Curve Fitting in Python

Curve fitting is a process of finding a curve that best fits a series of data points. In Python, curve fitting can be performed using various libraries, with scipy being one of the most popular ones for this purpose. The scipy.optimize.curve_fit function allows you to fit a curve to your data by defining a mathematical function and finding the optimal parameters that minimize the difference between the data points and the curve.

Using scipy.optimize.curve_fit

The curve_fit function from the scipy.optimize module is used to fit a curve to data. You need to define the function that describes the curve, provide the data points, and the function will return the optimal parameters that best fit the data.

Example: Fitting a Linear Curve

In this example, we’ll fit a straight line to a set of data points. The equation of a straight line is y = mx + c, where m is the slope and c is the y-intercept.

Step-by-Step Implementation:

import numpy as np
import matplotlib.pyplot as plt
from scipy.optimize import curve_fit

# Define the linear function to fit
def linear_function(x, m, c):
    return m * x + c

# Generate synthetic data points (for demonstration)
x_data = np.array([0, 1, 2, 3, 4, 5, 6])
y_data = np.array([0.5, 2.5, 2.0, 3.8, 4.2, 5.1, 6.5])

# Perform the curve fitting
params, covariance = curve_fit(linear_function, x_data, y_data)

# Extract the optimal parameters (slope and intercept)
slope, intercept = params

# Generate y values using the fitted parameters
fitted_y_data = linear_function(x_data, slope, intercept)

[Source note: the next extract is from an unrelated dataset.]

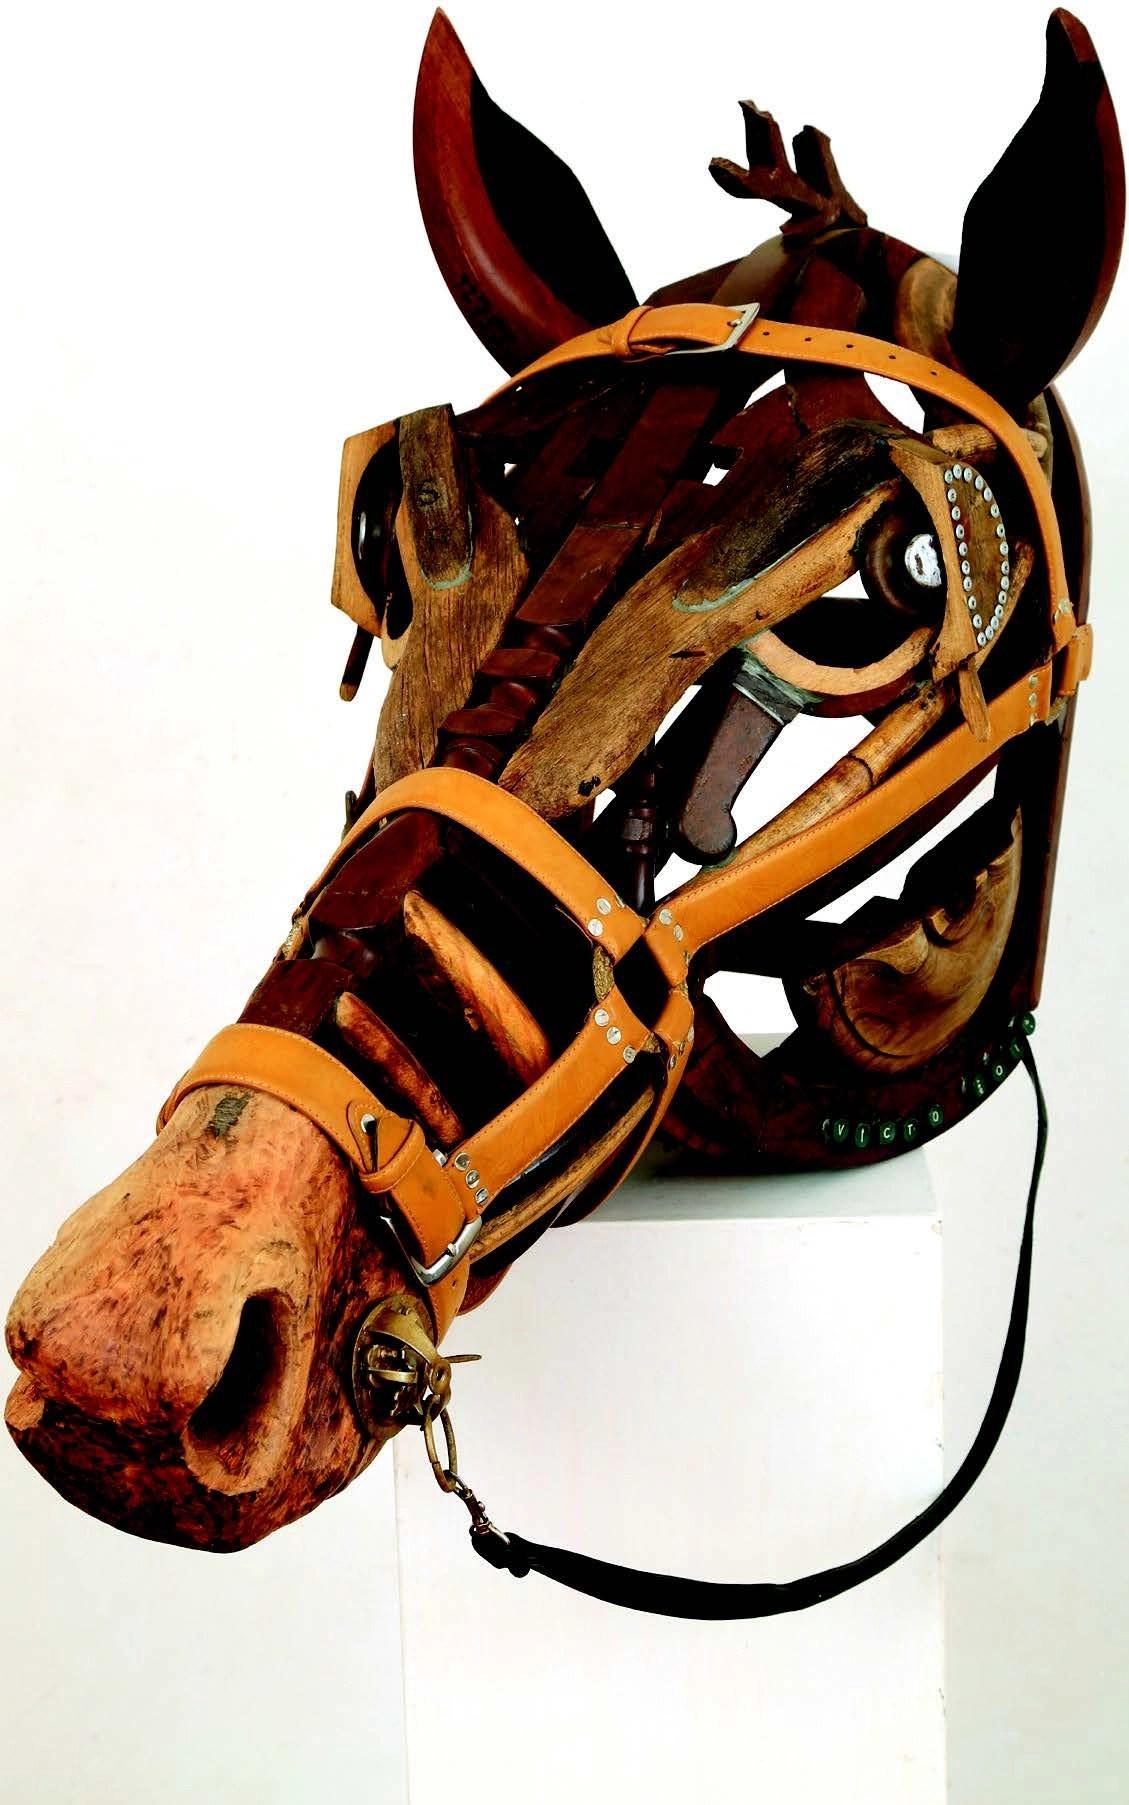 Victor Nyakauru, Rare Mare, 2014, Wood and Leather, 102 x 44 x 62 cm

# Plot the original data points and the fitted line
plt.scatter(x_data, y_data, label="Data Points", color="red")
plt.plot(x_data, fitted_y_data, label="Fitted Line", color="blue")
plt.xlabel("X")
plt.ylabel("Y")
plt.legend()
plt.title(f"Fitted Line: y = {slope:.2f}x + {intercept:.2f}")
plt.show()
    

Output:

The output will be a plot showing the original data points (in red) and the fitted line (in blue). The equation of the fitted line will be displayed in the plot title.

Explanation

  • Defining the Function: The first step is to define the mathematical function that describes the curve you want to fit. In this example, we define a linear function y = mx + c.
  • Generating Data: We generate some synthetic data points for demonstration purposes. In practice, you would use your actual data.
  • Curve Fitting: We use curve_fit to find the optimal values of the parameters m and c that best fit the data.
  • Plotting: We plot the original data points and the fitted line to visualize the fit.

Fitting Non-Linear Curves

Curve fitting is not limited to linear functions. You can fit non-linear functions by defining the appropriate mathematical function and using curve_fit. Below is an example of fitting a quadratic curve.

Example: Fitting a Quadratic Curve

# Define the quadratic function to fit
def quadratic_function(x, a, b, c):
    return a * x**2 + b * x + c

# Generate synthetic data points (for demonstration)
x_data = np.array([0, 1, 2, 3, 4, 5, 6])
y_data = np.array([1.2, 2.8, 4.5, 8.4, 12.5, 18.3, 25.1])

# Perform the curve fitting
params, covariance = curve_fit(quadratic_function, x_data, y_data)

# Extract the optimal parameters
a, b, c = params

# Generate y values using the fitted parameters
fitted_y_data = quadratic_function(x_data, a, b, c)

# Plot the original data points and the fitted curve
plt.scatter(x_data, y_data, label="Data Points", color="red")
plt.plot(x_data, fitted_y_data, label="Fitted Quadratic Curve", color="green")
plt.xlabel("X")
plt.ylabel("Y")
plt.legend()
plt.title(f"Fitted Quadratic Curve: y = {a:.2f}x^2 + {b:.2f}x + {c:.2f}")
plt.show()
    

Output:

The output will be a plot showing the original data points and the fitted quadratic curve, with the equation displayed in the plot title.

Conclusion

Curve fitting is a valuable tool for data analysis and modeling, allowing you to find the mathematical function that best describes your data. Python’s scipy.optimize.curve_fit function makes it easy to perform both linear and non-linear curve fitting. By understanding how to use this function, you can apply curve fitting to a wide range of problems in science, engineering, and other fields.